Forgiveness of tax arrears

A taxable person may apply to the Tax and Customs Board for forgiveness of his or her tax arrears if its collection is hopeless or would be unfair due to circumstances beyond the control of the taxable person, or if the income tax debt arises from the realisation of the taxable person’s assets as a security for the debt of a third party in enforcement proceedings or bankruptcy proceedings.

Tax arrears are either the amount of tax not paid by the due date and the interest calculated thereon or the amount of tax arising from customs debt not paid by the due date and the interest calculated thereon. Tax arrears are not, for example, non-compliance levy, fines, etc.

Tax arrears are forgiven if

  • collection of the tax arrears is hopeless;
  • collection would be unfair due to circumstances beyond the control of the taxable person, including force majeure;
  • income tax debt resulted from the realisation of a taxable person's property as security for debt of third parties in enforcement proceedings or bankruptcy proceedings.

What to keep in mind?

  • Tax arrears cannot be forgiven by agreement.
  • Forgiveness cannot be based solely on solvency problems.

As a general rule, recovery of tax arrears can be regarded as hopeless in a situation where the applicant’s work ability has been reduced and the applicant does not have additional income or realisable assets.

The work ability of a person of working age is assessed by the Estonian Unemployment Insurance Fund.
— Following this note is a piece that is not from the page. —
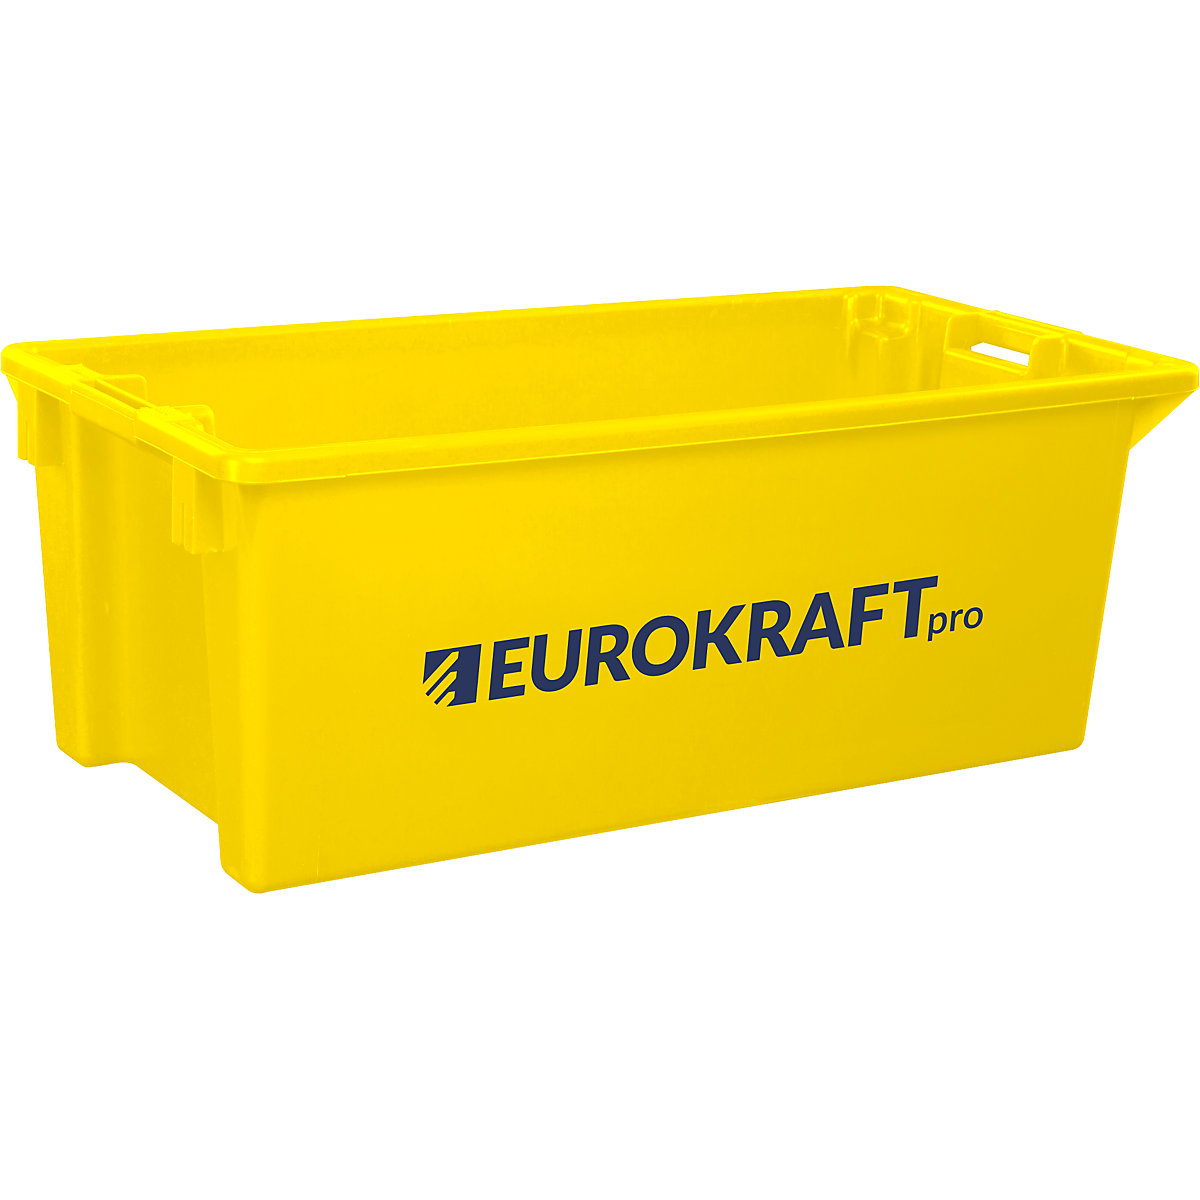 Recipiente empilhável giratório em polipropileno próprio para alimentos – eurokraft pro, capacidade 13 litros, UE 4 unid., paredes e fundo fechados, amarelo

Recipients of old-age pension need not prove the decrease in their work ability to the Tax and Customs Board.


Please add to your application:

  1. bank account statements for all of your bank accounts for the last 12 months;
  2. data on assets you own and/or hold, including joint marital assets (list of assets, description of condition, estimated value, etc.);
  3. information on your marital status and dependants;
  4. your (household’s) monthly average income calculation (including net salaries, pensions, benefits, scholarships, income from abroad, child support, rent, interest income and the like for you and all your household members);
  5. your (household’s) average monthly costs (including expenses on dependants, rent, utilities and communications, electricity, food, medicines, transport, loans, leases, hire-purchases, etc.);
  6. information on your loans, leases and hire-purchases (balance of liability, amount of monthly repayment and final due date);
  7. proof of assessment of work ability, if applicable.

What to keep in mind?

  • The legality of tax arrears will not be assessed.
  • The burden of proof lies with the applicant.


Collection of tax arrears is unfair if all these conditions are met at the same time:

  • there is evidence of exceptional and unforeseeable circumstances (e.g. force majeure);
  • it has been proven that the occurrence of the circumstance did not depend on the will of the applicant;
  • it has been demonstrated that the occurrence of the circumstance was not preventable by the applicant;
  • it has been demonstrated that the applicant is not able to eliminate the circumstance;
  • the applicant has been shown to be in an unequal position compared to other similar taxable persons.

  Please add to your application:

  1. evidence to support the explanations and claims contained in the application;
  2. information that you have acted in accordance with the applicable law in this case.

Income tax debt is forgiven if it arises from the realisation of the assets of the applicant as a security for the debt of a third party in enforcement proceedings or bankruptcy proceedings.

Please provide explanations and evidence of the situation described.

Submitting an application

In order for the tax arrears to be forgiven, an application in Estonian (free format) together with relevant evidence must be submitted to the Tax and Customs Board either:

The time limit for processing the application is 30 calendar days. We will issue a written decision to the applicant or his or her representative.